Оставим классным наставникам критику текстов, эстетам – критику форм, и признаем наконец, что то, что было некогда сказано, говорить более нельзя; что одно выражение не годится на то, чтобы его употребляли дважды, оно не живет дважды; что всякое произнесенное слово мертво и действует лишь в тот момент, когда произносится, что форма, которую раз употребили, более не нужна и зовет лишь к поискам иной формы, и что театр – это единственное место в мире, где сделанный жест не возобновляется дважды.
Если толпа не идет к литературным шедеврам, это значит, что шедевры эти литературны, то есть жестко зафиксированы, и зафиксированы в формах, не отвечающих требованиям времени.
Вместо того, чтобы обвинять толпу и публику, нам бы следовало обвинять ту формальную ширму, которую мы ставим между собой и толпой, равно как и ту форму нового идолопоклонства – поклонение раз и навсегда установленным шедеврам, составляющее одну из сторон буржуазного конформизма.
Этот конформизм, вынуждающий нас смешивать возвышенное, идеи, вещи с теми формами, которые они обретали во времени и в нас самих, – в нашем сознании снобов, изысканных толкователей и эстетов, – с формами, более невнятными для публики.
Было бы напрасным тут обвинять во всем дурной вкус публики, которая упивается бессмыслицами, коль скоро мы не показали этой публике настоящего зрелища; а я ручаюсь, что вы не покажете мне здесь настоящего зрелища, – настоящего в высшем понимании театра, – после недавних великих романтических мелодрам, то есть на протяжении последних ста лет.
Публика, принимающая ложь за истину, обладает чувством истины и всегда реагирует на нее, когда последняя являет себя.

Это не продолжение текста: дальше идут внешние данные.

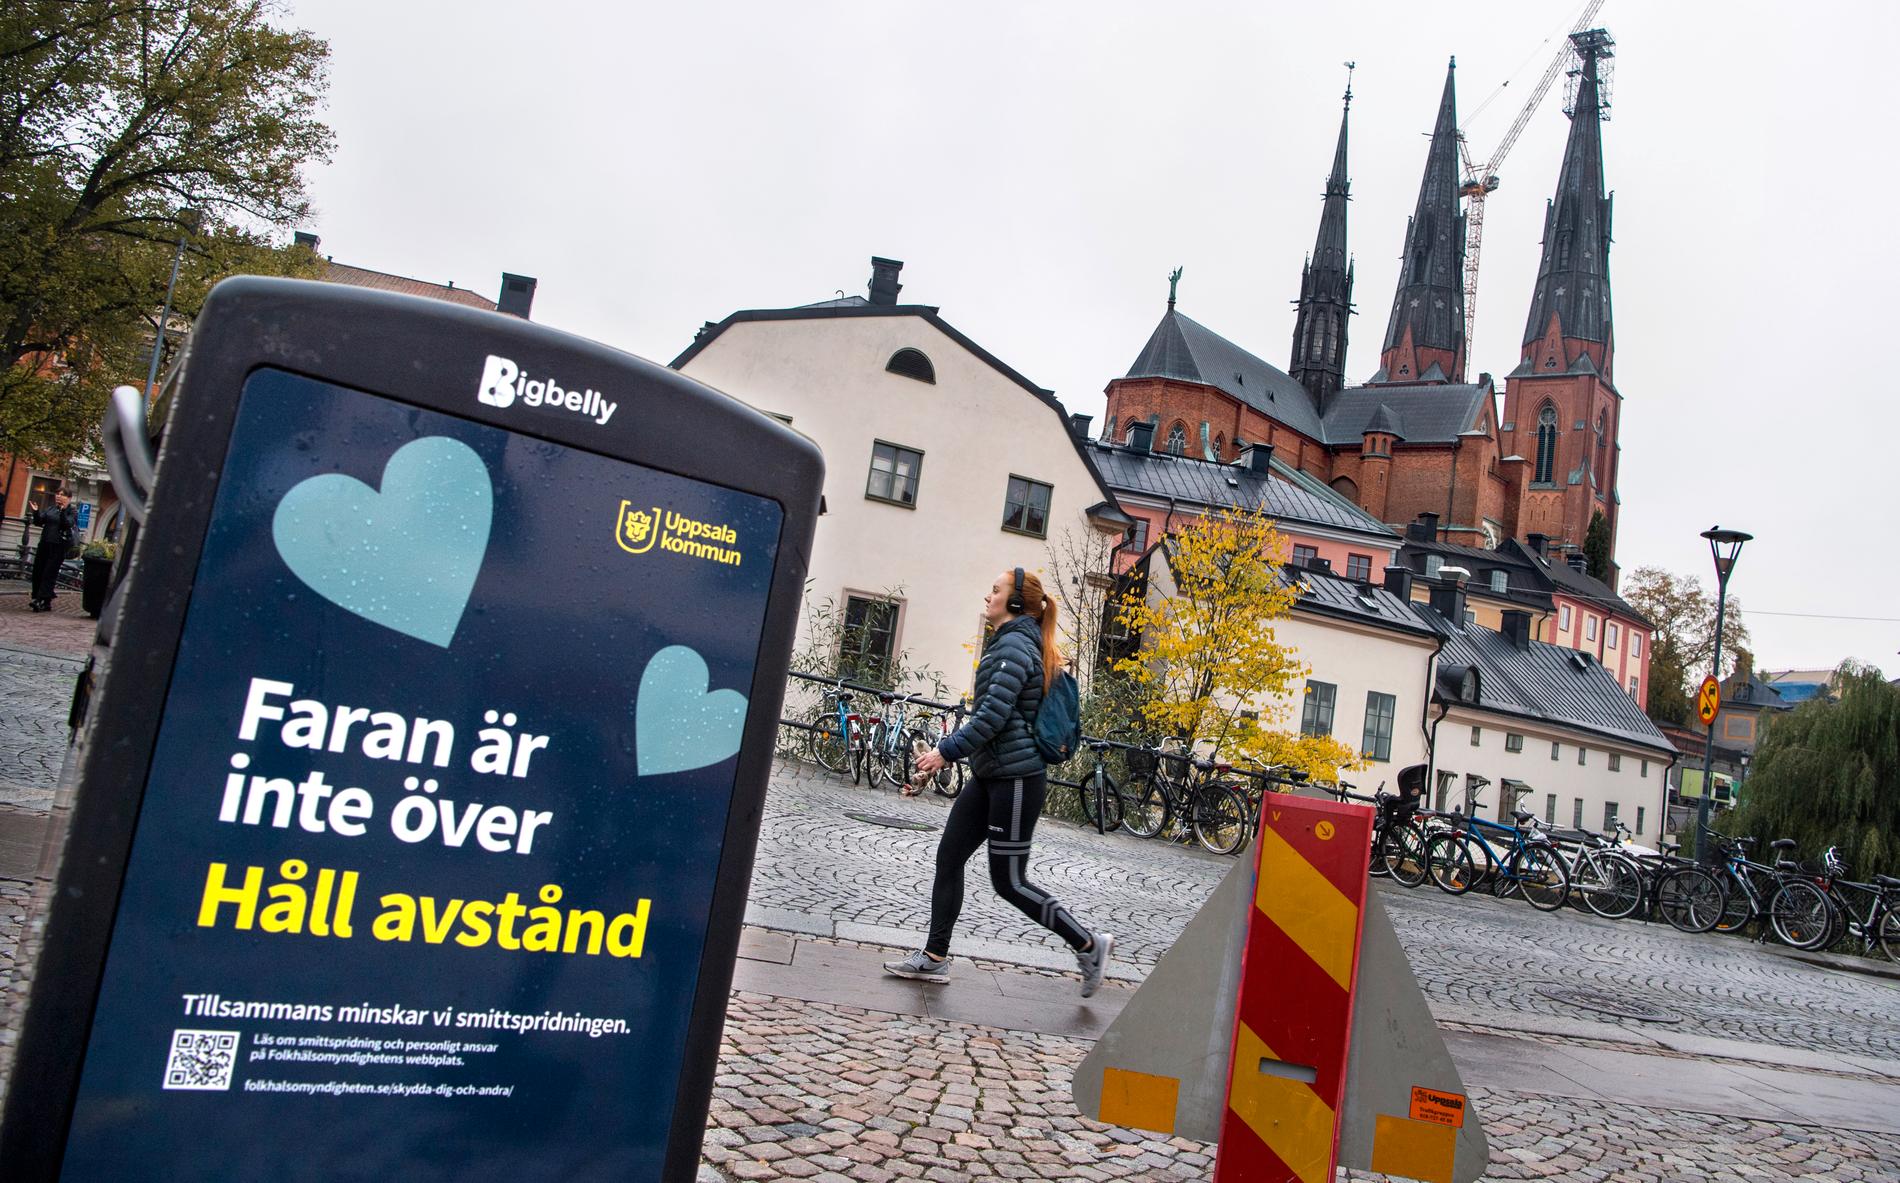 En affisch från Uppsala kommun som uppmanar att hålla avstånd och att faran inte är över när det gäller smittspridningen.
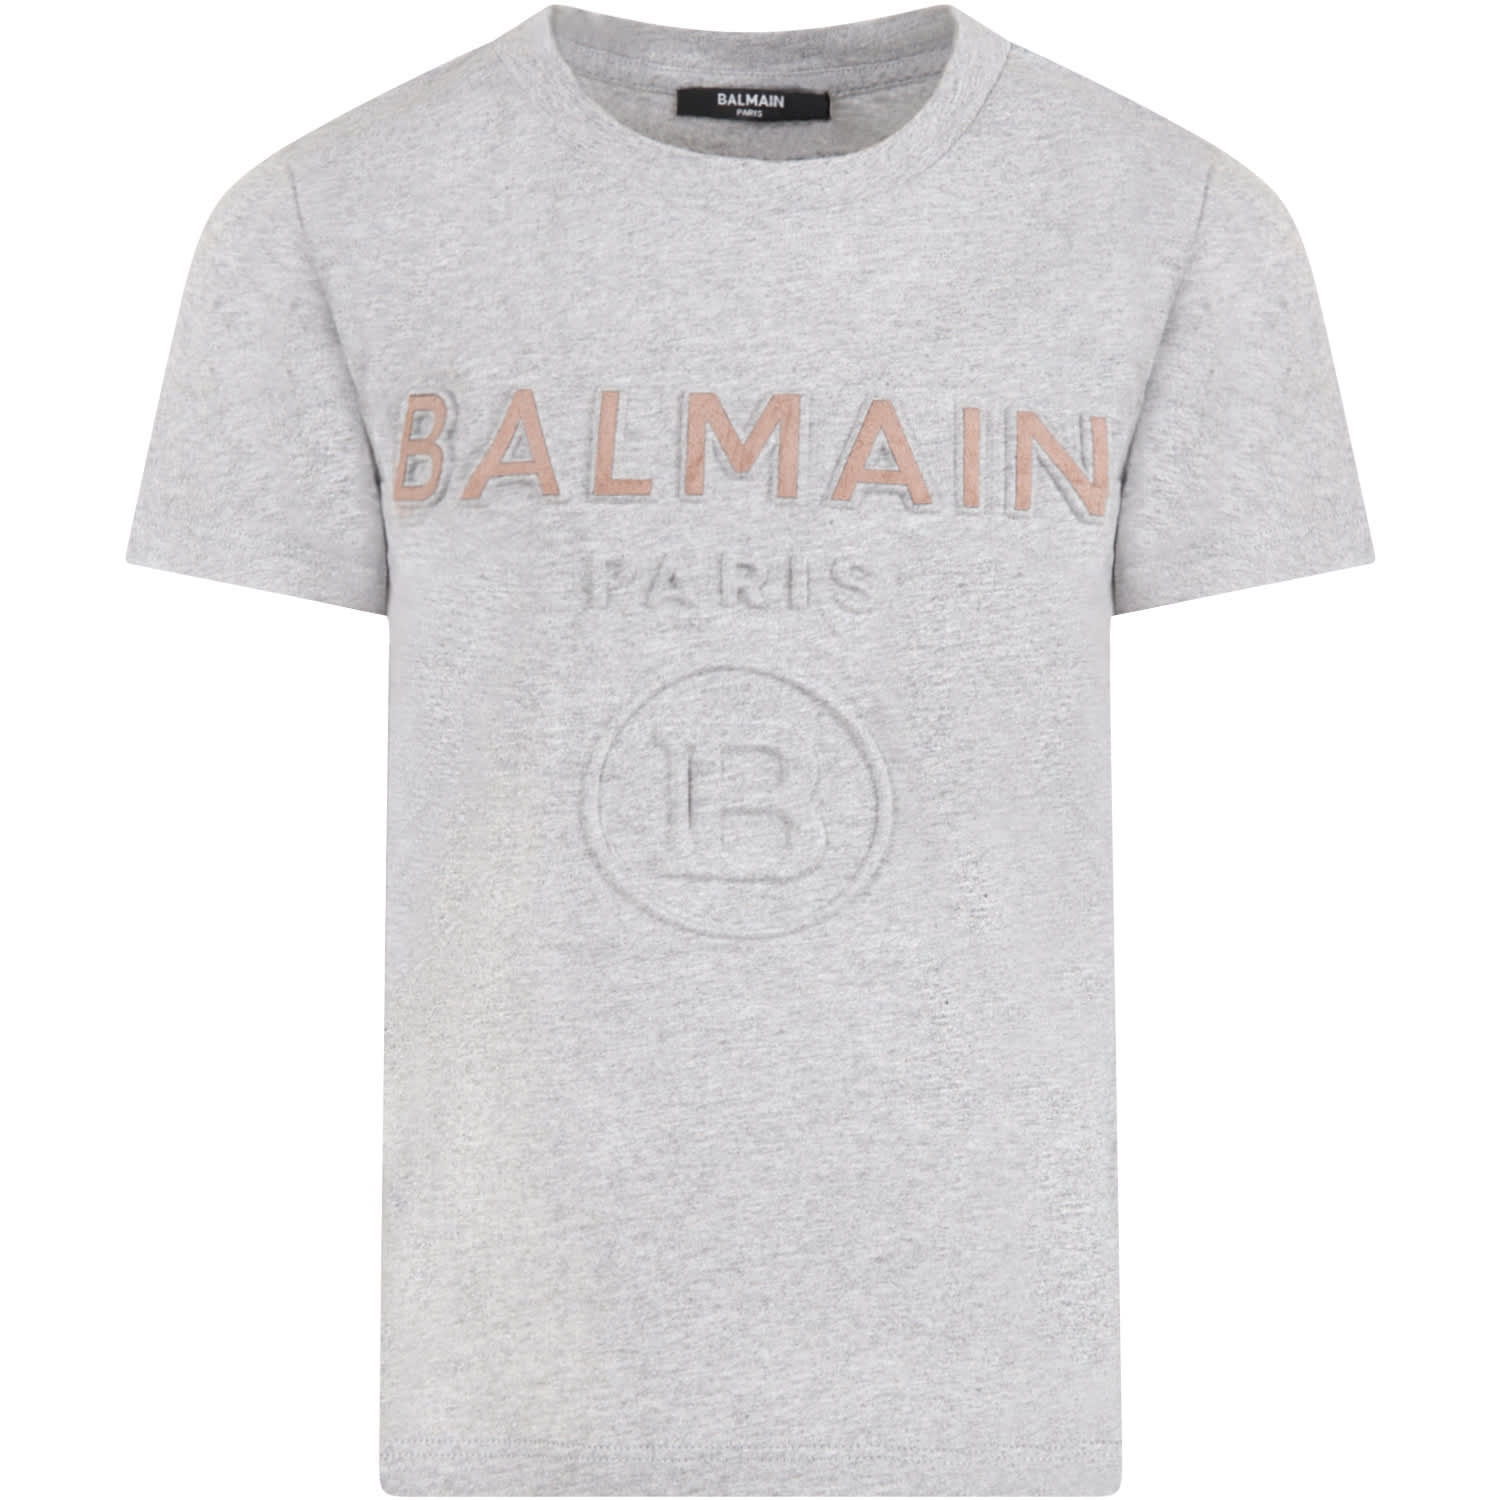 Balmain Grey T-shirt For Kids With Logos

Однако сегодня истину следует искать не на сцене, но на улице; и когда уличной толпе предоставляется возможность проявить свое человеческое достоинство, она всегда его проявляет.
Если толпа отвыкла ходить в театр; если все мы в конце концов стали рассматривать театр как низший род искусства, как средство вульгарного развлечения, если мы стали использовать его для того, чтобы дать выход нашим худшим инстинктам, – все дело тут в том, что нам слишком часто говорили, будто все это имеет отношение к театру, то есть ко лжи и иллюзии. Все дело в том, что за четыреста лет, то есть со времен Возрождения, мы привыкли к чисто описательному театру, к театру, который повествует – и повествует о психологии.